[Work instructions]: Among the lines below, restate word for word only those from the line with "Kirakira Koboreru, Kimi to no Waidan 12" through the line with "3D Printed Vikings Armor Sweatshirt", with both end lines kept.
Data extracts START
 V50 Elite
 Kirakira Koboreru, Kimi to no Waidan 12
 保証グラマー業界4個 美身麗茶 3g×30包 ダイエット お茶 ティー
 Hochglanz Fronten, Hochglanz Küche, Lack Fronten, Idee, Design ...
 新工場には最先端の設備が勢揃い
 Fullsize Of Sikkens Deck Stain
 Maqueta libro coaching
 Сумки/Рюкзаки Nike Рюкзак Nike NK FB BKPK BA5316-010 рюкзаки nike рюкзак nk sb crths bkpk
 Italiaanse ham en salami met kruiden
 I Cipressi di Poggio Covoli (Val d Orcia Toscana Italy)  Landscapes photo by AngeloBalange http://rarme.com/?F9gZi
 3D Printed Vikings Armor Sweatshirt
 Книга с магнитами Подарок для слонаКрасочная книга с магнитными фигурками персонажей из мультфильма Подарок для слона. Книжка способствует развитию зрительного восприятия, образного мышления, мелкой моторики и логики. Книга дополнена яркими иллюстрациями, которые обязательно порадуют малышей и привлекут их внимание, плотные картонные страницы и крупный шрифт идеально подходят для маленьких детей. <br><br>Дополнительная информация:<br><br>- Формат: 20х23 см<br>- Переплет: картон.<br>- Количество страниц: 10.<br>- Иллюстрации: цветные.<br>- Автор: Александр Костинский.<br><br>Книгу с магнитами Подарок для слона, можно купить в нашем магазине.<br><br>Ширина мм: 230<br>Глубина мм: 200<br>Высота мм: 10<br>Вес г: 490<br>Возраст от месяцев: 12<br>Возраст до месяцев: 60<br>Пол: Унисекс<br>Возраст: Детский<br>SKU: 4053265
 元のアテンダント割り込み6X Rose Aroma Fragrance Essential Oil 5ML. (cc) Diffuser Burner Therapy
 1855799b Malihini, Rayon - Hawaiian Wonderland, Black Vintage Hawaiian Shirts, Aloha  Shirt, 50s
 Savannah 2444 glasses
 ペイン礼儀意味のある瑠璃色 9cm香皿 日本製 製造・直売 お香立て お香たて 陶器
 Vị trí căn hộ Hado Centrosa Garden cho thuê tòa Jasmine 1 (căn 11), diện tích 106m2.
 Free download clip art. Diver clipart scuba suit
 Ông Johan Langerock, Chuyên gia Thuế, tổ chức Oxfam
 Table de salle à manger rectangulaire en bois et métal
Data extracts END
[Exercise output]:
 Kirakira Koboreru, Kimi to no Waidan 12
 保証グラマー業界4個 美身麗茶 3g×30包 ダイエット お茶 ティー
 Hochglanz Fronten, Hochglanz Küche, Lack Fronten, Idee, Design ...
 新工場には最先端の設備が勢揃い
 Fullsize Of Sikkens Deck Stain
 Maqueta libro coaching
 Сумки/Рюкзаки Nike Рюкзак Nike NK FB BKPK BA5316-010 рюкзаки nike рюкзак nk sb crths bkpk
 Italiaanse ham en salami met kruiden
 I Cipressi di Poggio Covoli (Val d Orcia Toscana Italy)  Landscapes photo by AngeloBalange http://rarme.com/?F9gZi
 3D Printed Vikings Armor Sweatshirt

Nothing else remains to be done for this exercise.